На сей раз меня пригласили, чтобы я выдвинул возражения против свидетельств, представляемых этим психофармакологом, в ходе перекрестного допроса. Задавая свои вопросы на этой стадии, обвинитель не стал напрямую оспаривать профессорские доказательства, предоставив это мне. Поэтому профессор покинул место для свидетельских выступлений с видом человека, хорошо сделавшего свою работу. Он не стал дожидаться моих возражений.
Представленные им доказательства сводились к следующему: обвиняемый, непутевый молодой человек, выкурил столько марихуаны, что наверняка был бы физически не способен совершить какое-либо убийство, а возможно, он вообще потерял сознание после приема наркотика.
Но с этим заявлением возникла одна проблема: существовало видео, показывавшее, как обвиняемый идет по улице незадолго до того момента, когда было совершено убийство. Правда, качество съемки было невысоким. Я бы не опознал обвиняемого в человеке на этих кадрах, но меня заверили в том, что его личность установлена совершенно неопровержимо. Ознакомившись с видео, я сказал, что хотя оно не представляет никаких доказательств великолепной координации движений, но не доказывает и того, что его координация была нарушена так серьезно, как, по словам профессора, это должно было быть. Обвиняемый шагал настолько же целеустремленно, насколько шел бы всякий человек, торопящийся на какую-то деловую встречу. И именно защита должна была доказать, что он не был способен совершить преступление, а сторона обвинения не должна была доказывать обратное.
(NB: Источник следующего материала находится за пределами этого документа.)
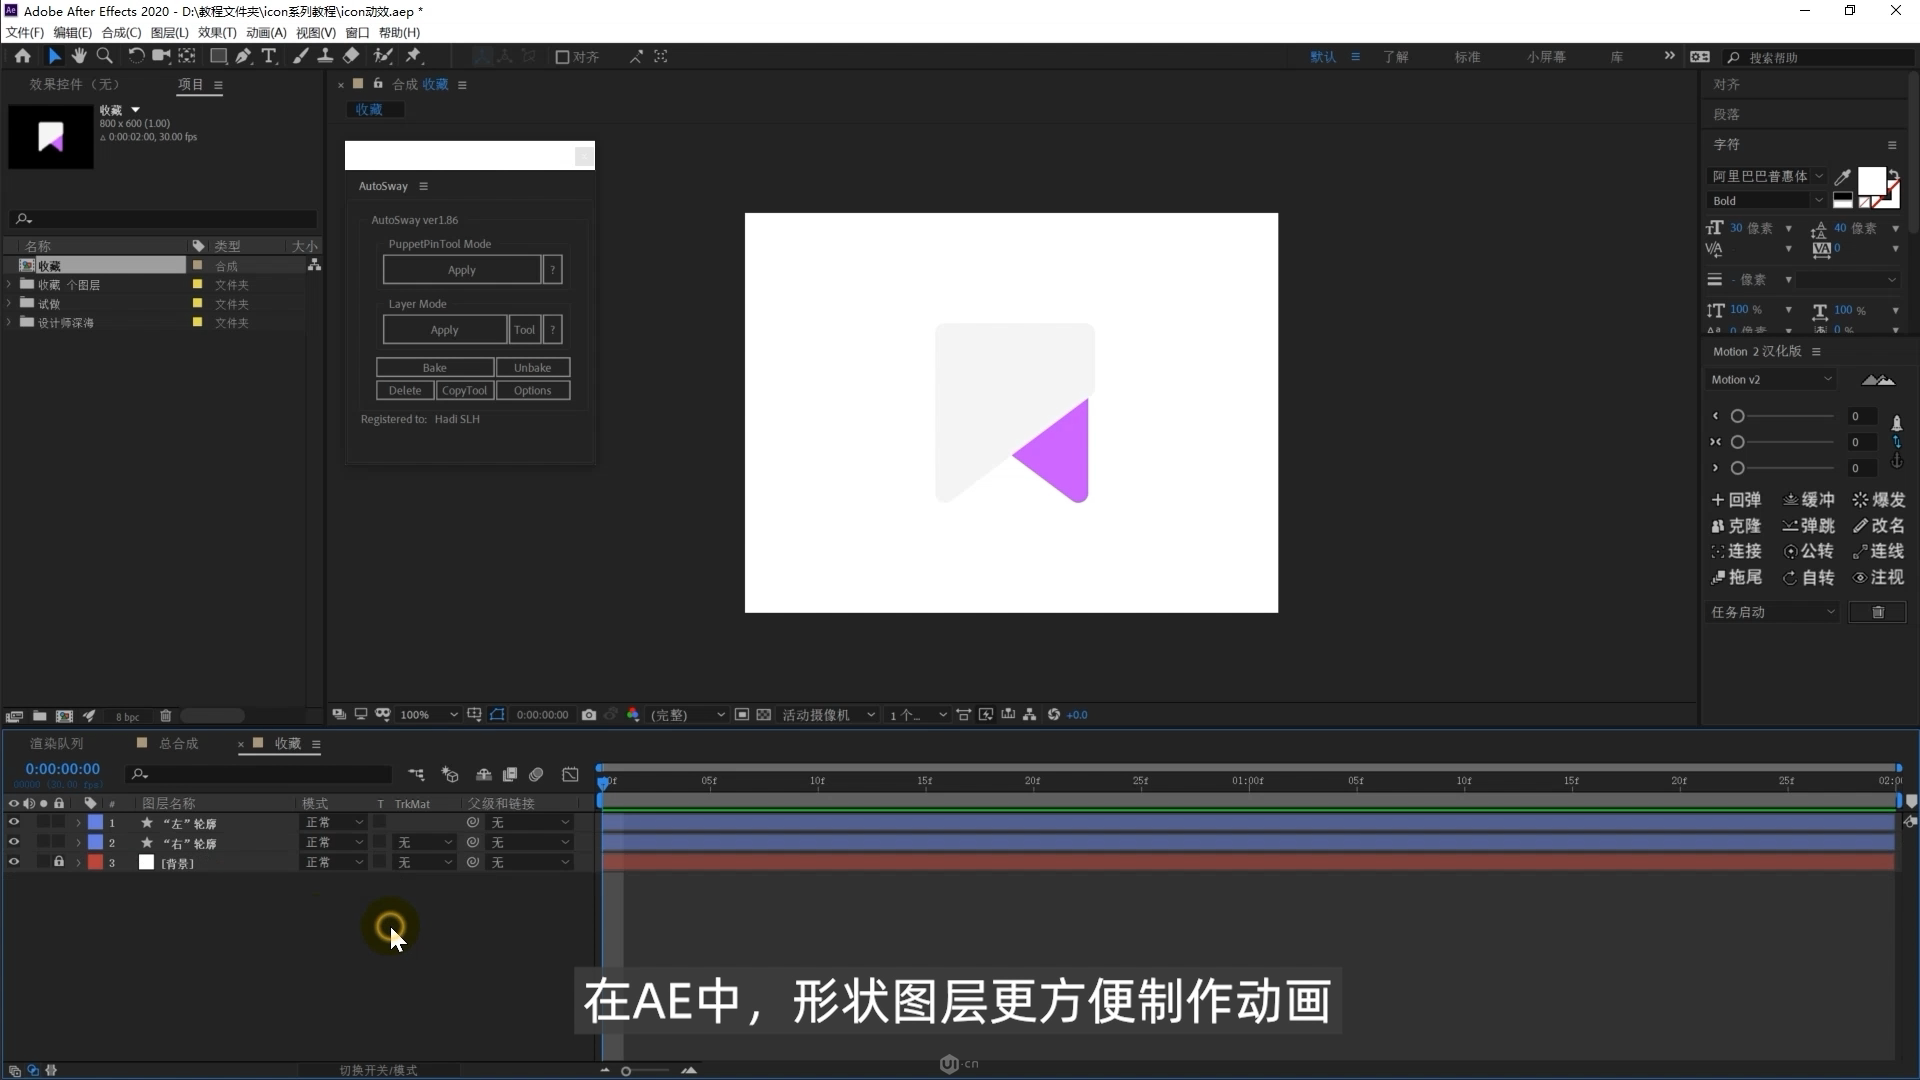 AE制作毛玻璃风格图标动效(5)

Более того, профессорские фармакологические доказательства, на мой взгляд, содержали очевидные огрехи, даже если обвиняемый действительно выкурил столько марихуаны, сколько утверждал (никаких доказательств этого не было, кроме его собственных слов, а ведь сам он вряд ли мог считаться здесь незаинтересованной стороной). Я подчеркнул, что концентрация основного активного компонента каннабиса широко варьируется у разных его сортов (порой в несколько раз); что количество дыма, вдыхаемого потребителем, тоже сильно варьируется (опять-таки порой в несколько раз); что само воздействие этого наркотика на организм также значительно варьируется – в зависимости от опыта, ожиданий, обстоятельств, темперамента и других факторов; поэтому невозможно сделать какие-либо выводы о поведении человека и состоянии его сознания, исходя лишь из информации о том, сколько марихуаны он выкурил. Таким образом, косвенные улики были сочтены наиболее значимыми, и мужчину признали виновным.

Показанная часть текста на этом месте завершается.